THE PROBLEM:
Leave out the pictures and copy everything else in the records exactly.

PROVIDED DATA:
☆ ☆ ☆ ☆ ☆ ☆ ☆
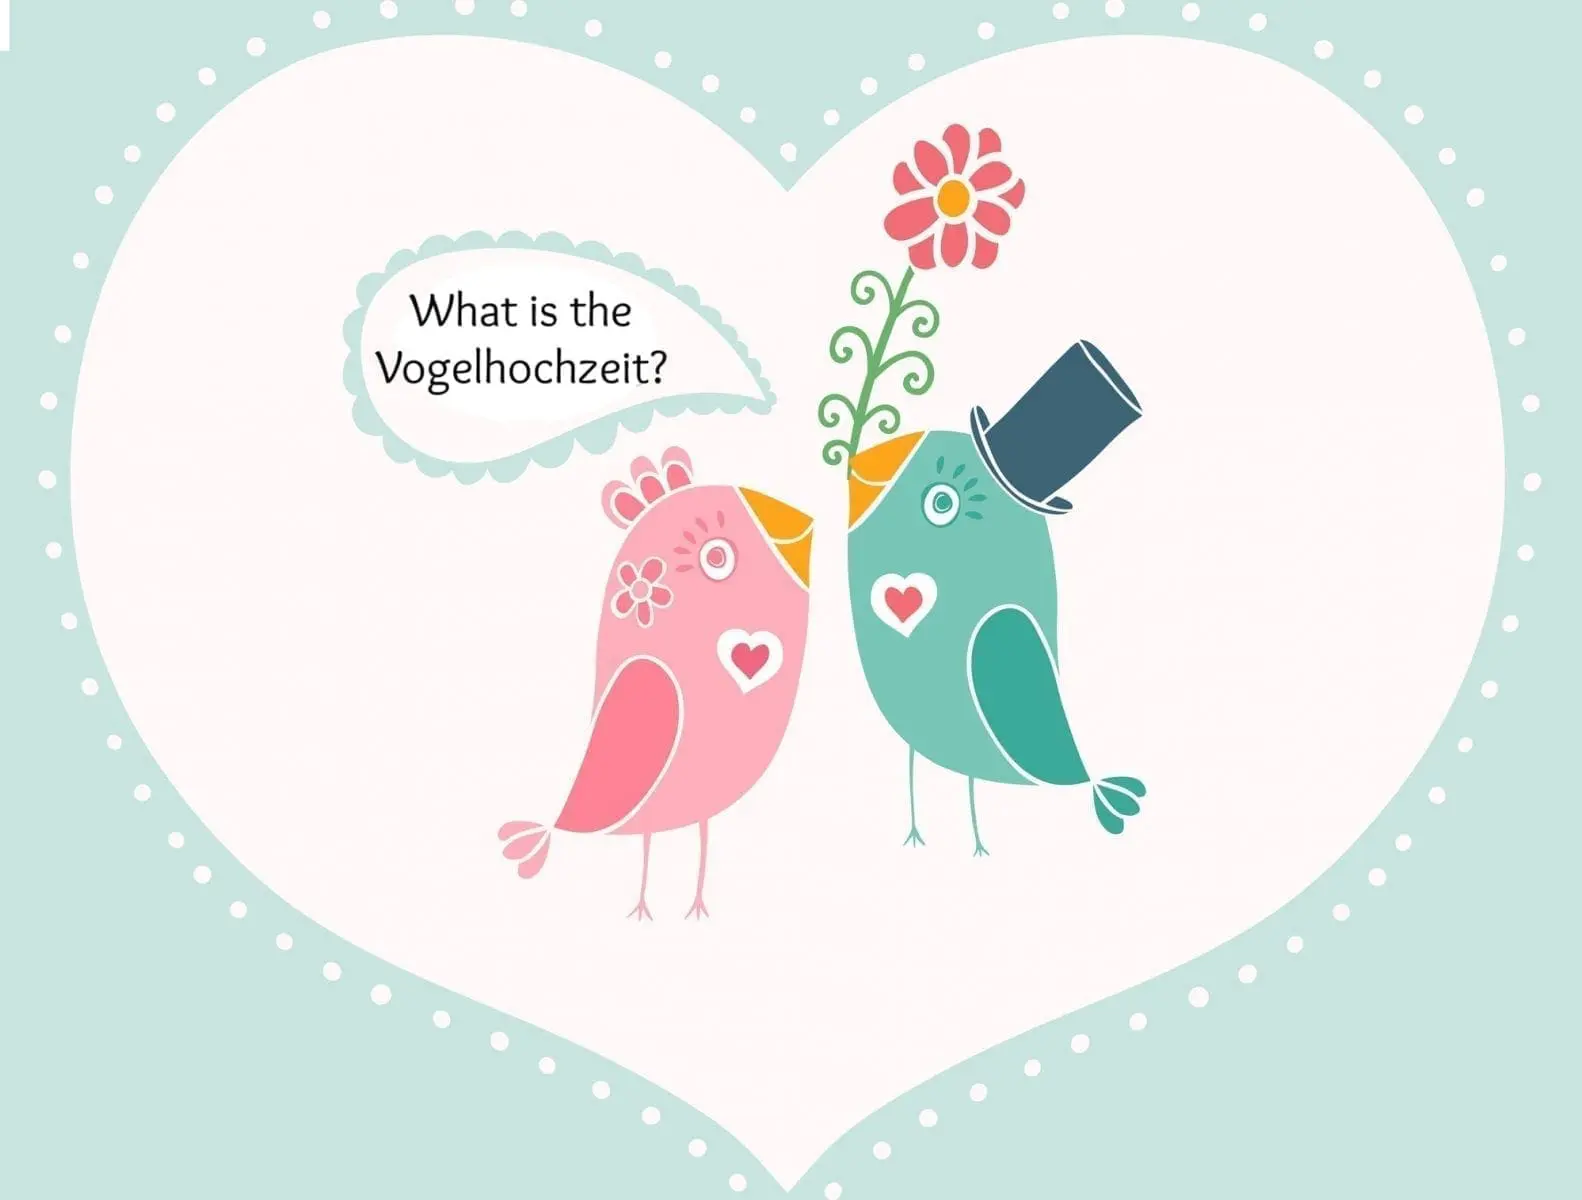 What is the Vogelhochzeit? It’s a song to Welcome Spring!
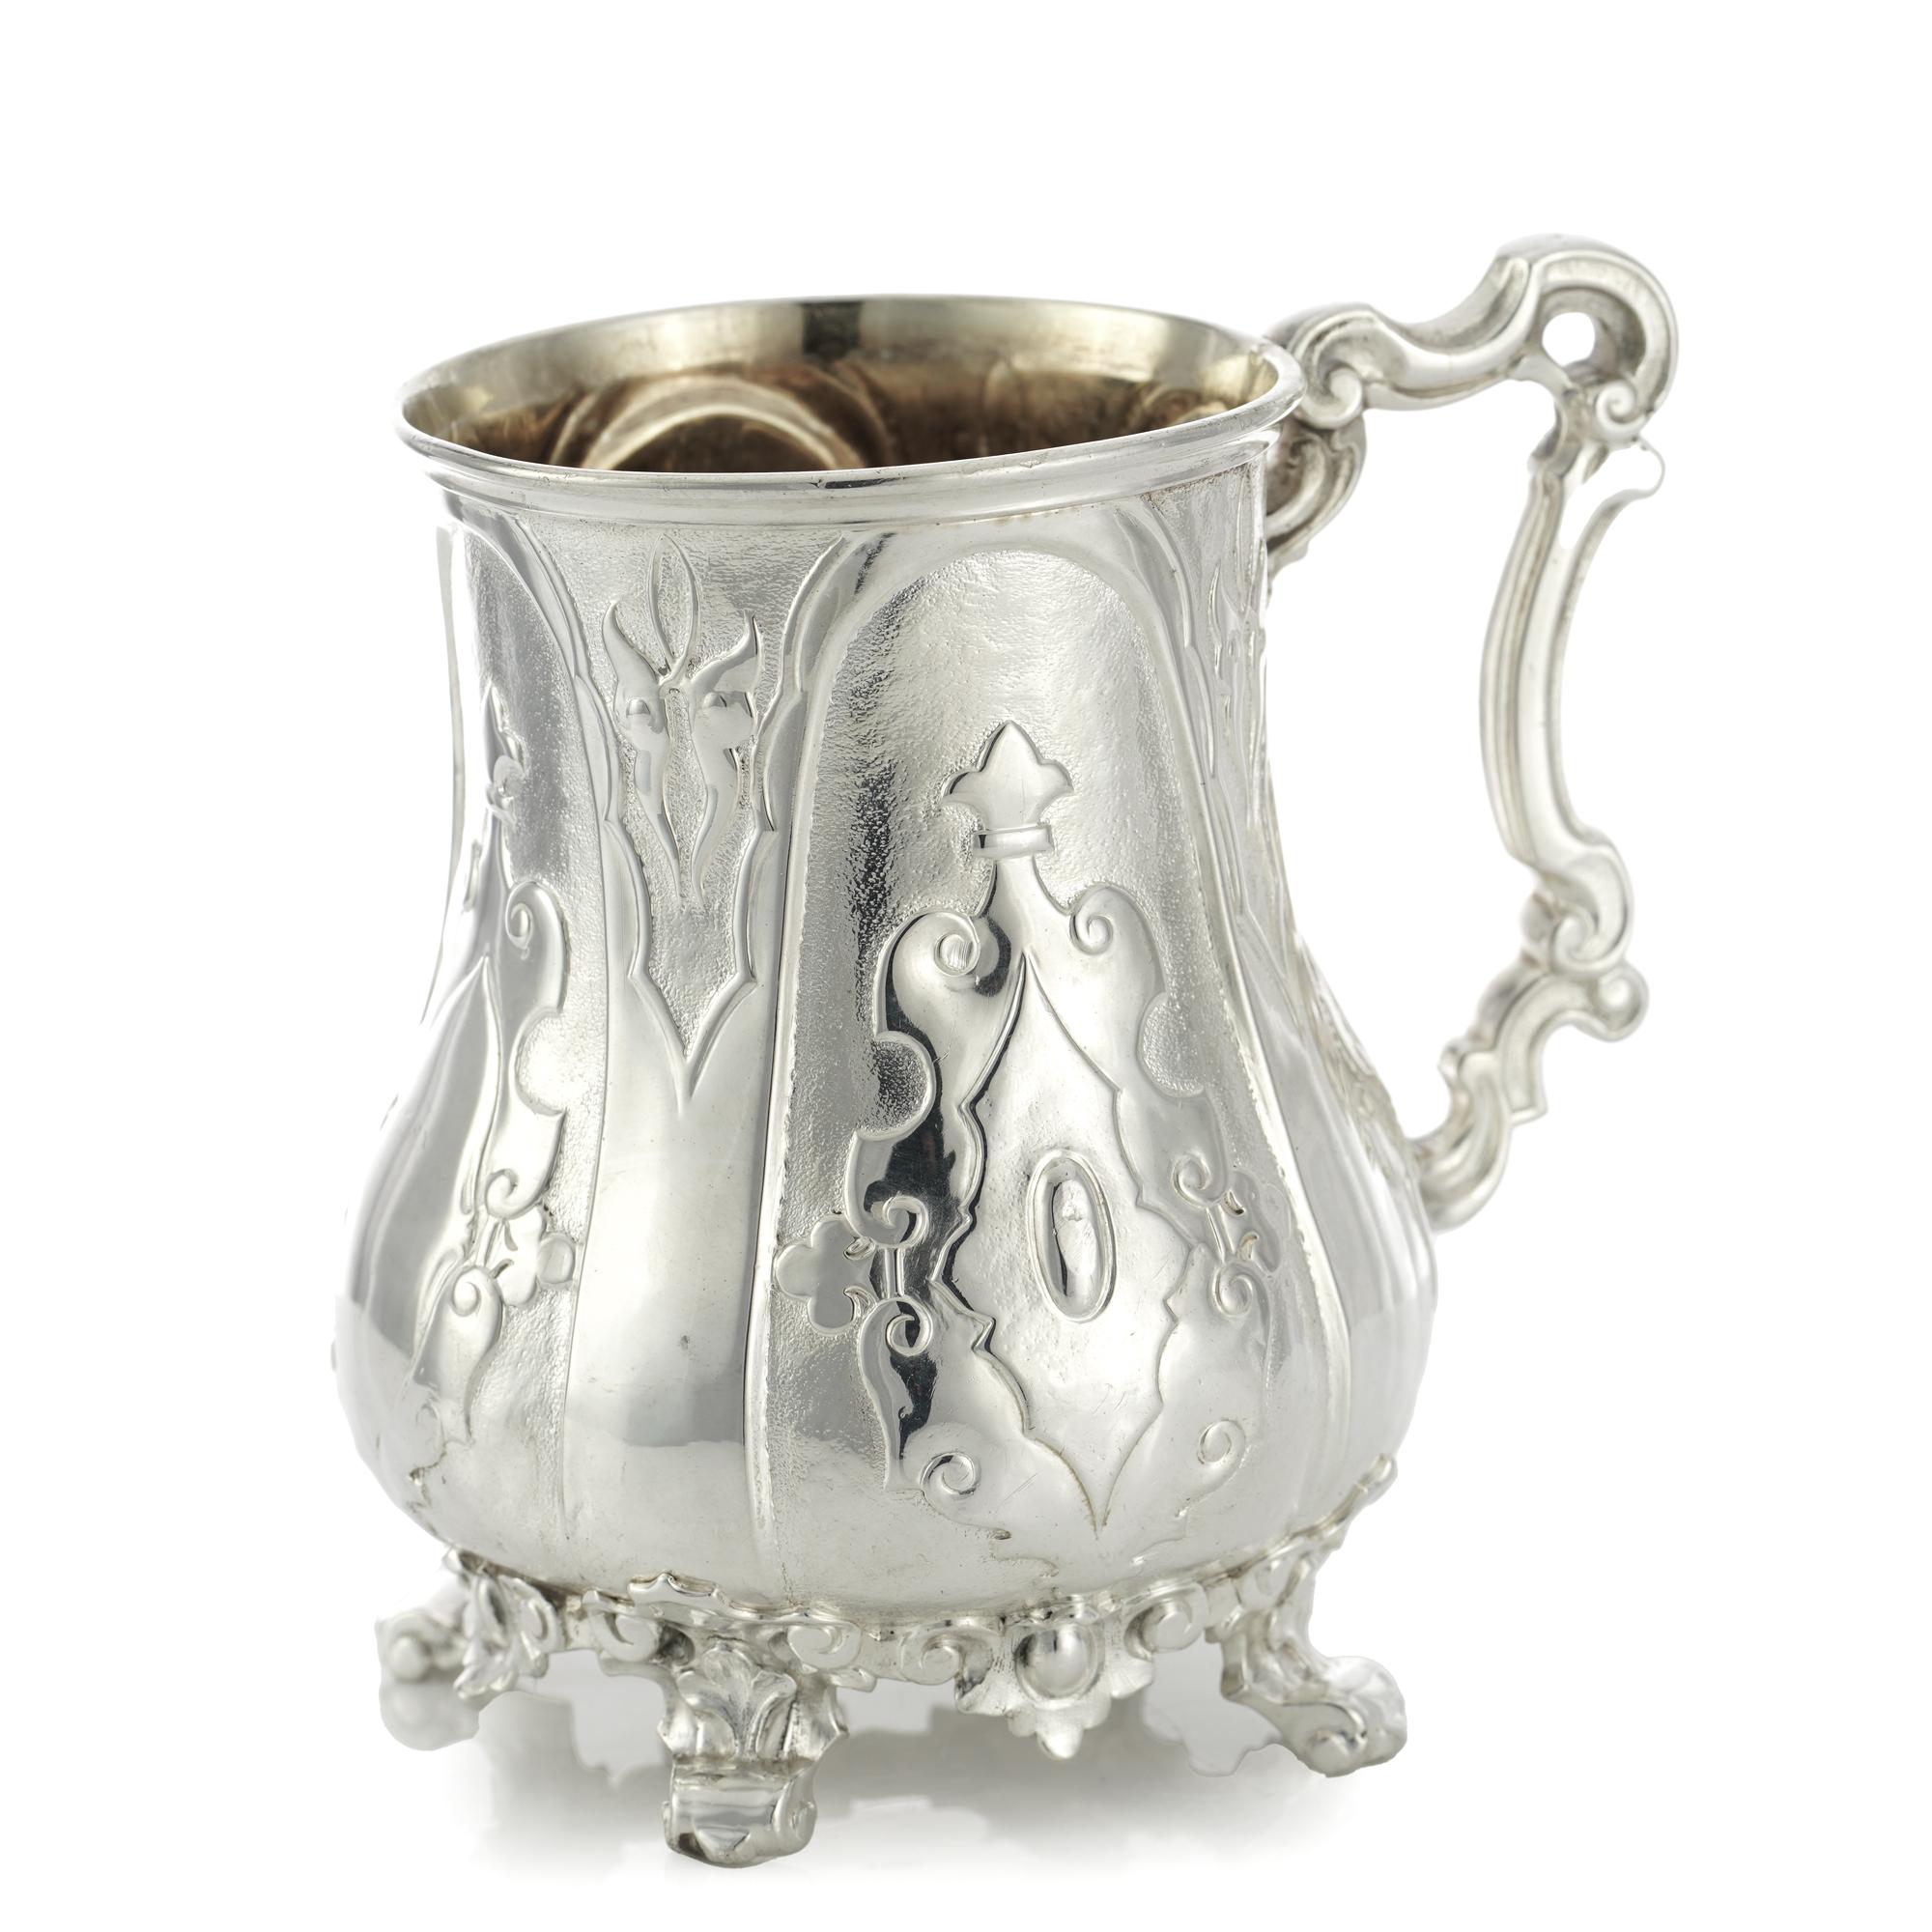 Antique Victorian sterling silver decorative mug with handle.
Made in England, London, 1847
Maker: George Ivory
Fully hallmarked.

 Approx. Dimensions - 
 Length x width x height: 10 x 8 x 10.8 cm 
 Weight: 177 grams in total. 

 Condition:
☆ ☆ ☆ ☆ ☆ ☆ ☆
ANSWER SPACE:
 What is the Vogelhochzeit? It’s a song to Welcome Spring!
 Antique Victorian sterling silver decorative mug with handle.
Made in England, London, 1847
Maker: George Ivory
Fully hallmarked.

 Approx. Dimensions - 
 Length x width x height: 10 x 8 x 10.8 cm 
 Weight: 177 grams in total. 

 Condition:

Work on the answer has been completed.